Provided material —
──────
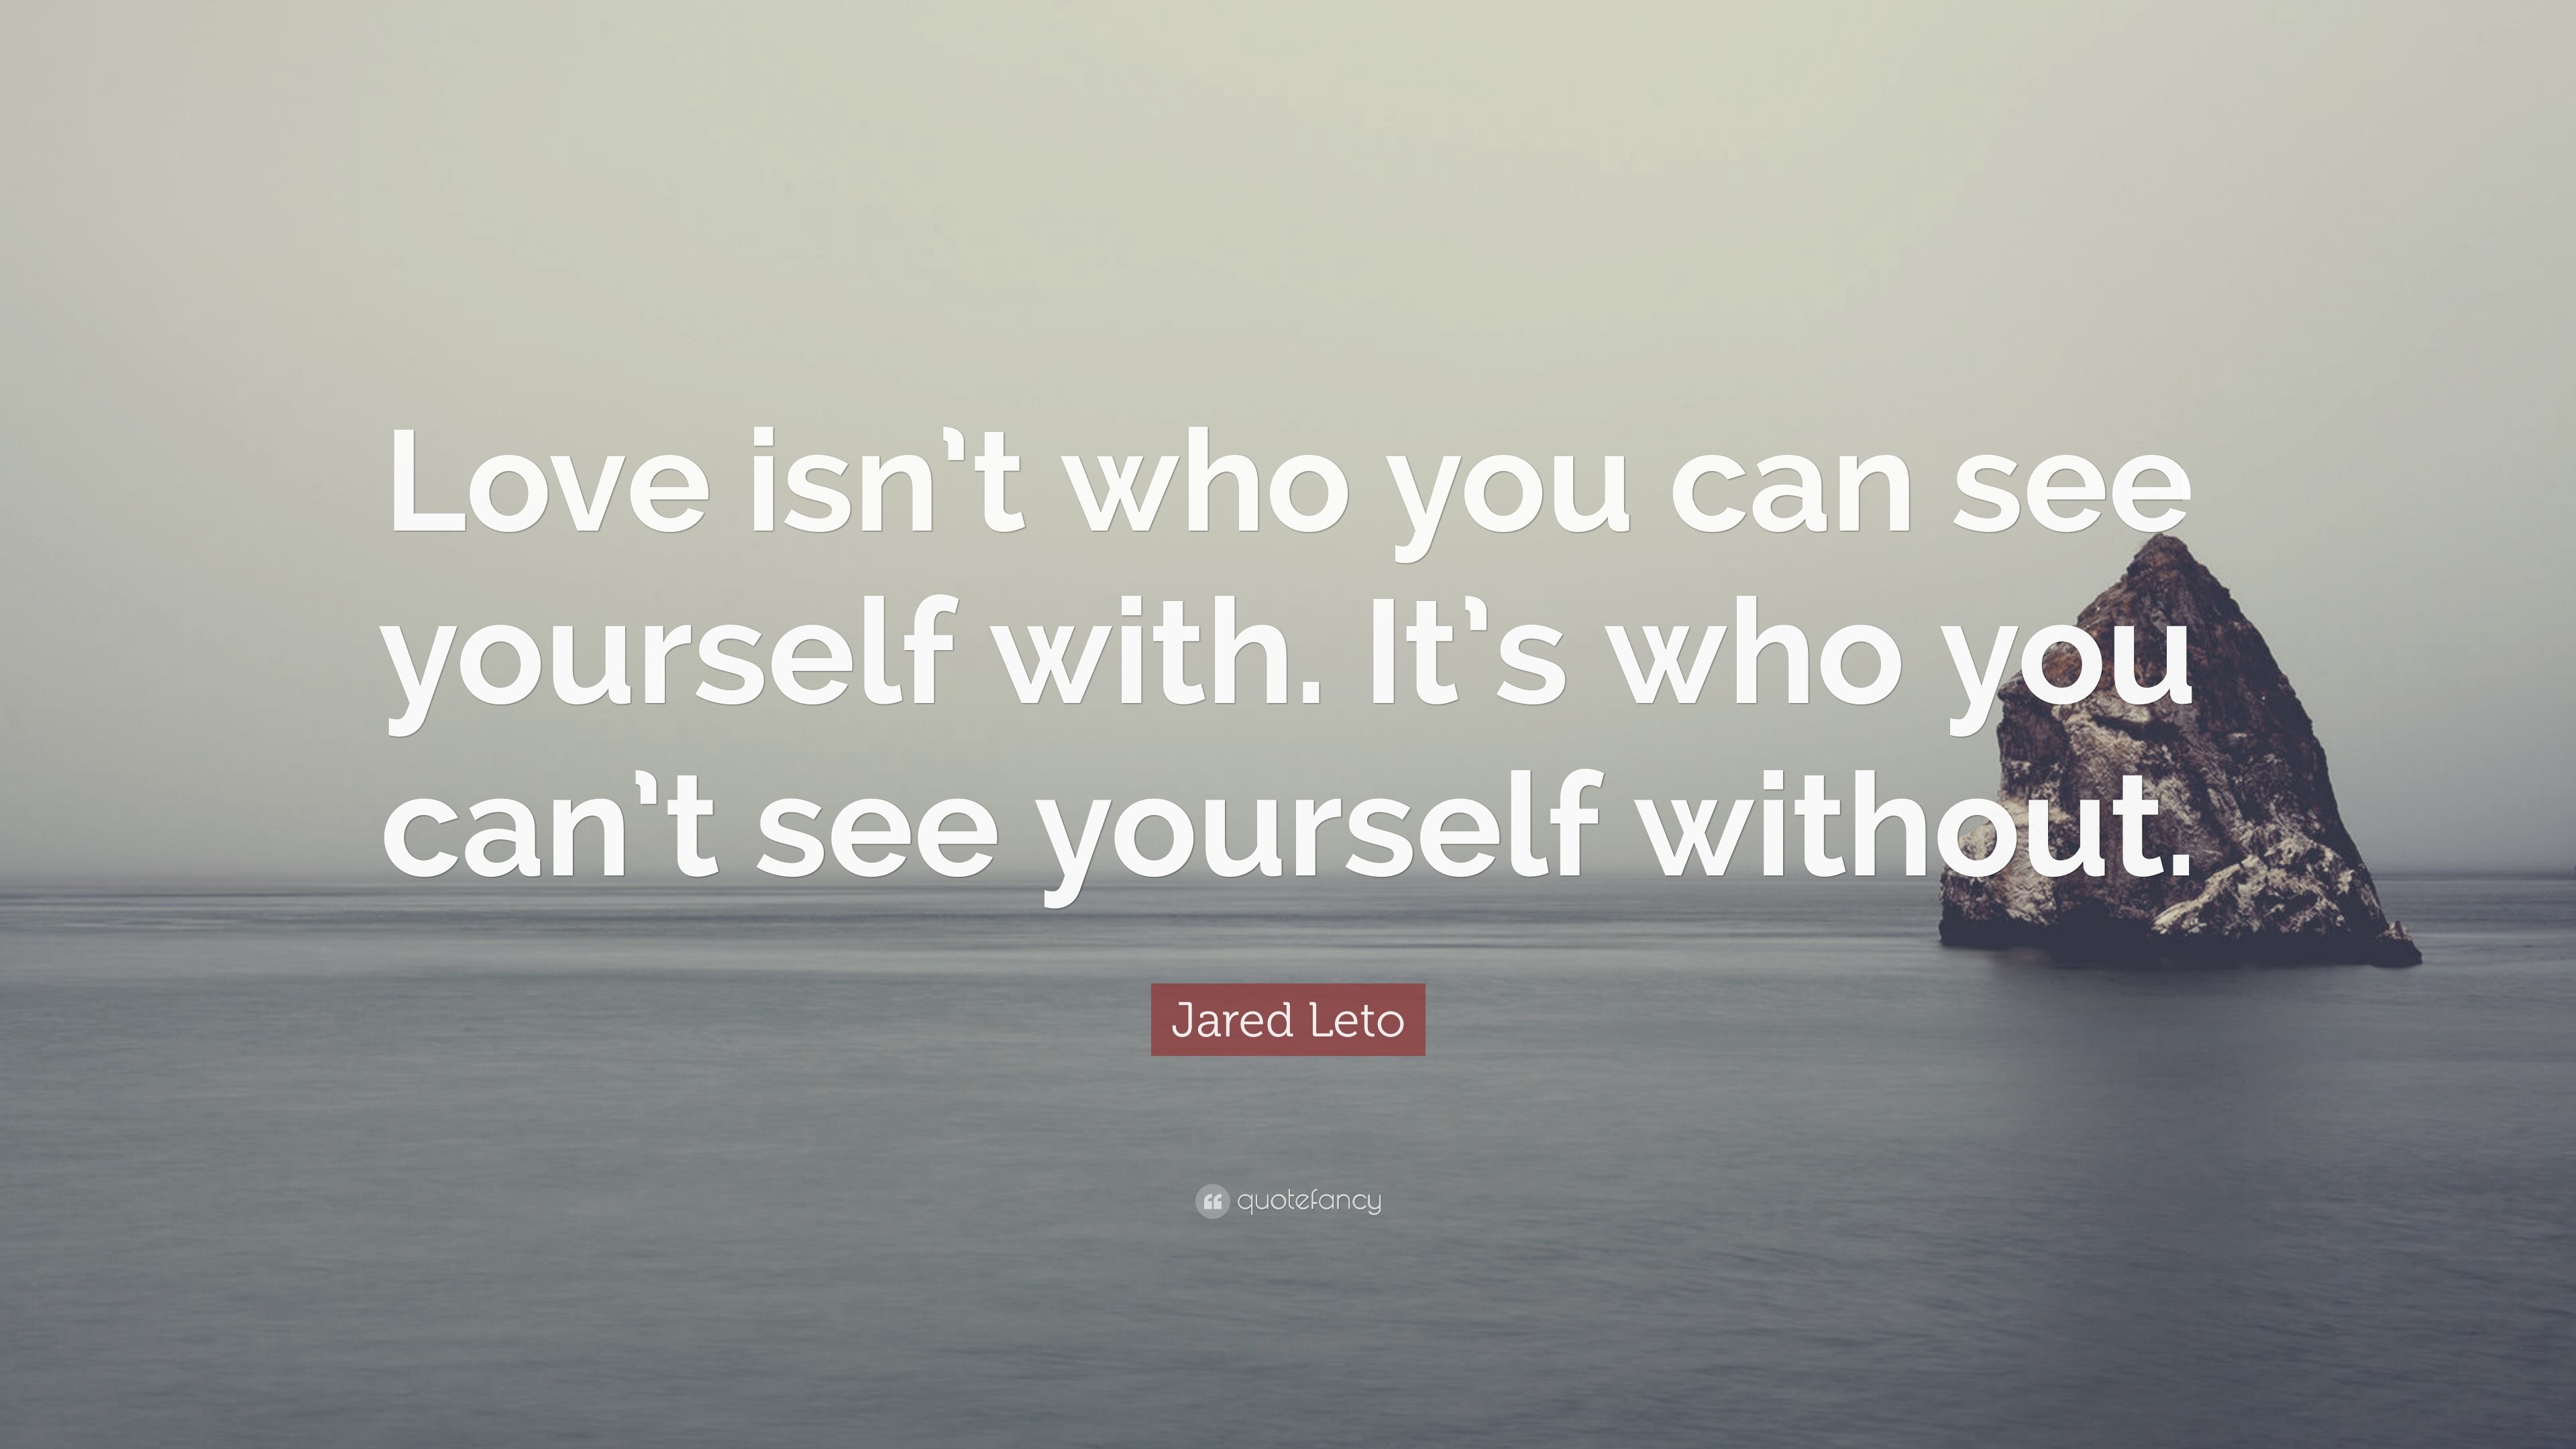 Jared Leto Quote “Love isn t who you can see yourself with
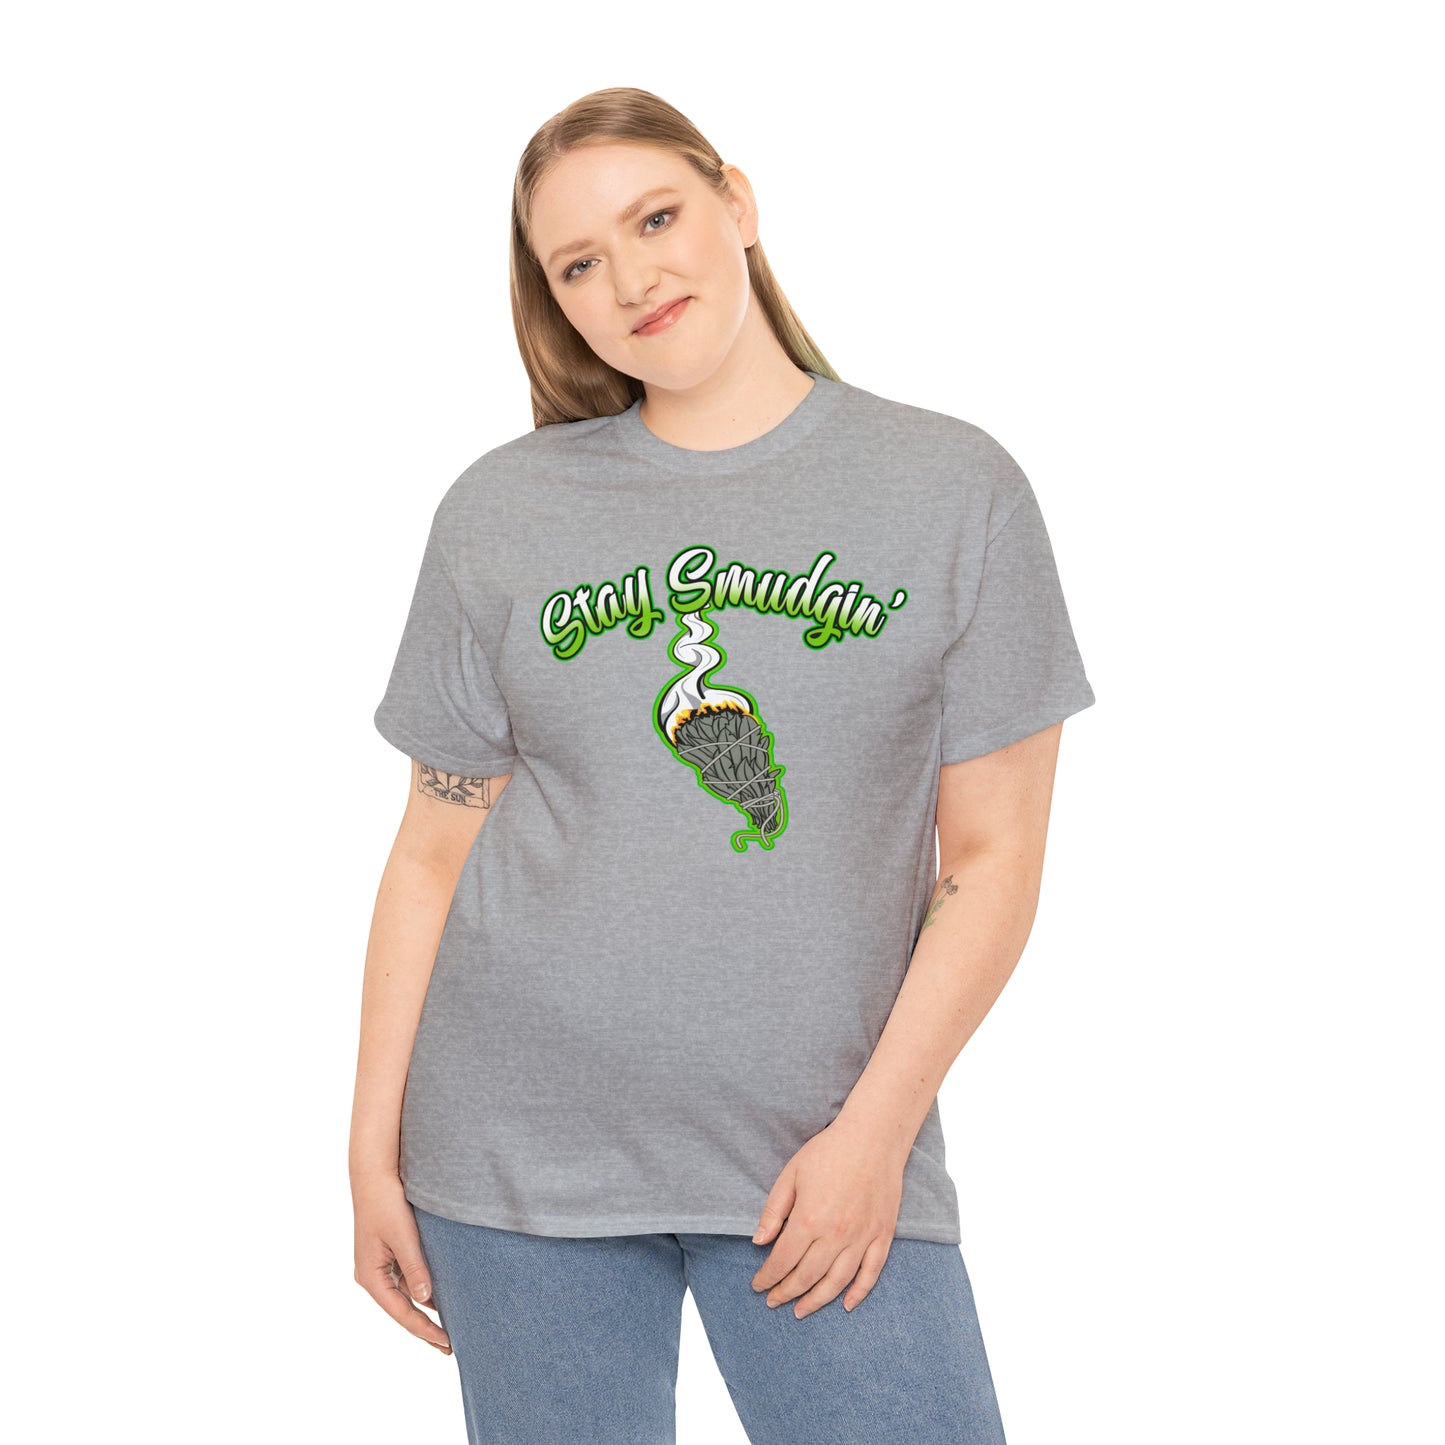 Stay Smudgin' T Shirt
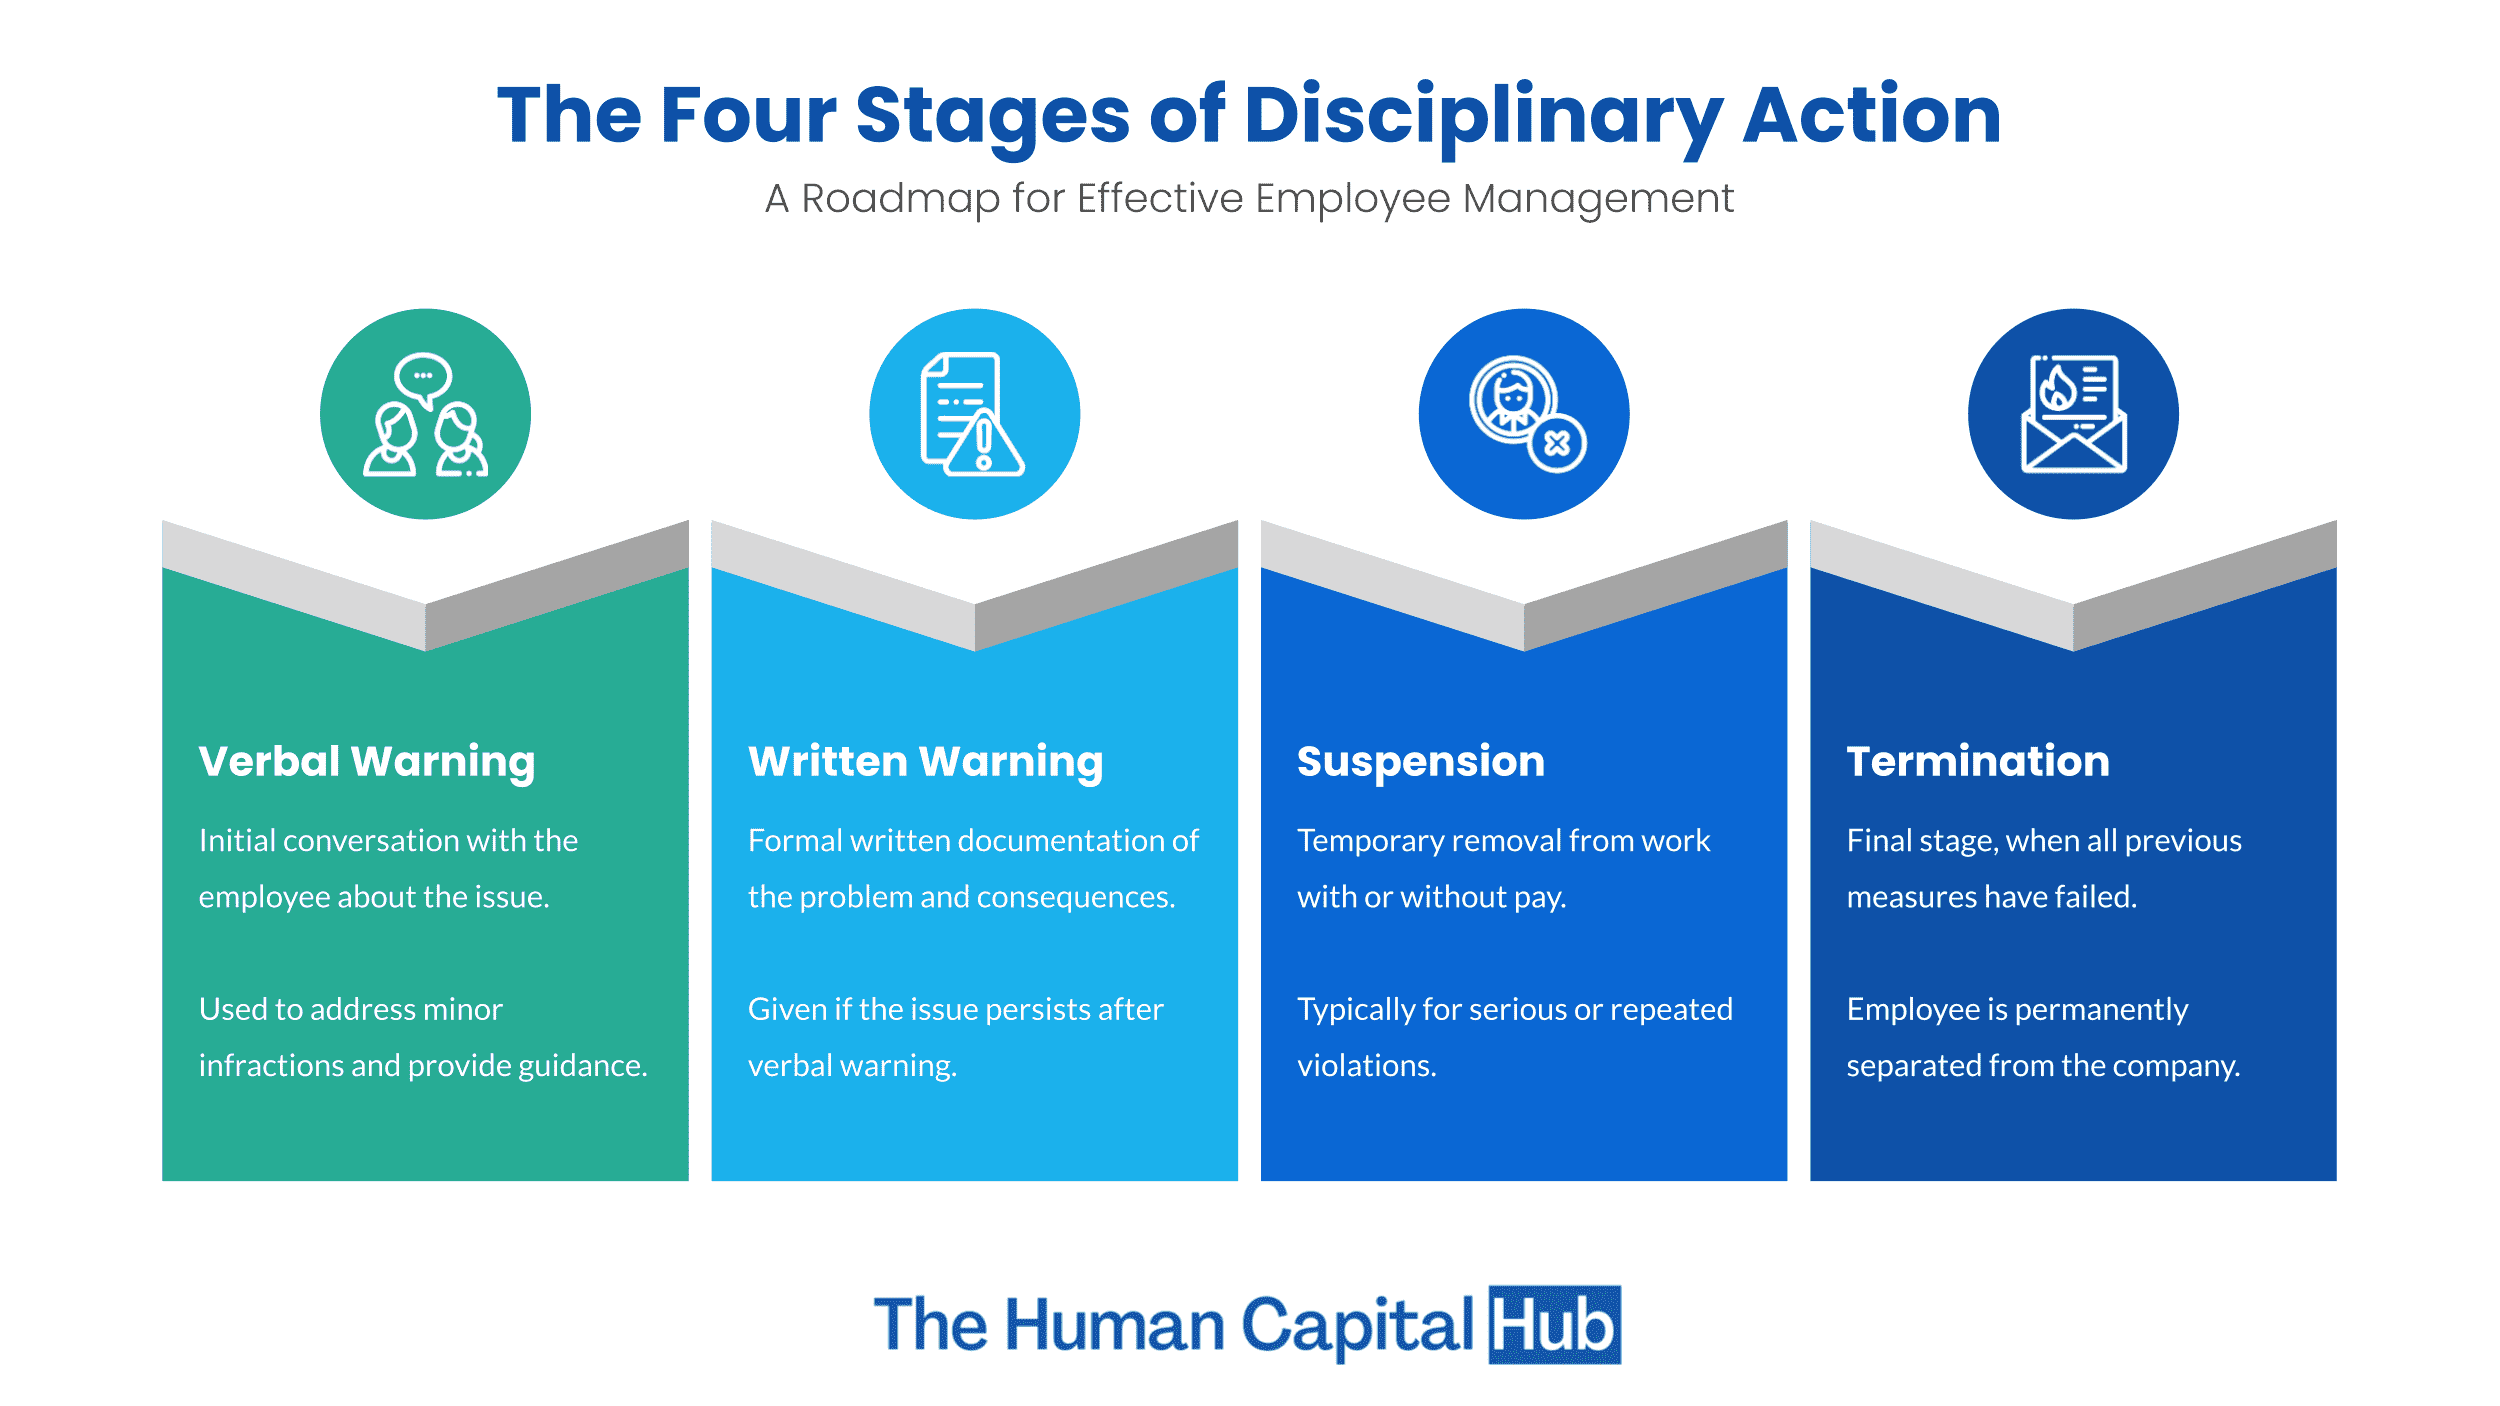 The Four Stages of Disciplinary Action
──────
What to do — Reproduce the listing above from the line that contains "Stay Smudgin' T Shirt" through its final line, exactly and with nothing added. Omit the images.

Written response —
 Stay Smudgin' T Shirt
 The Four Stages of Disciplinary Action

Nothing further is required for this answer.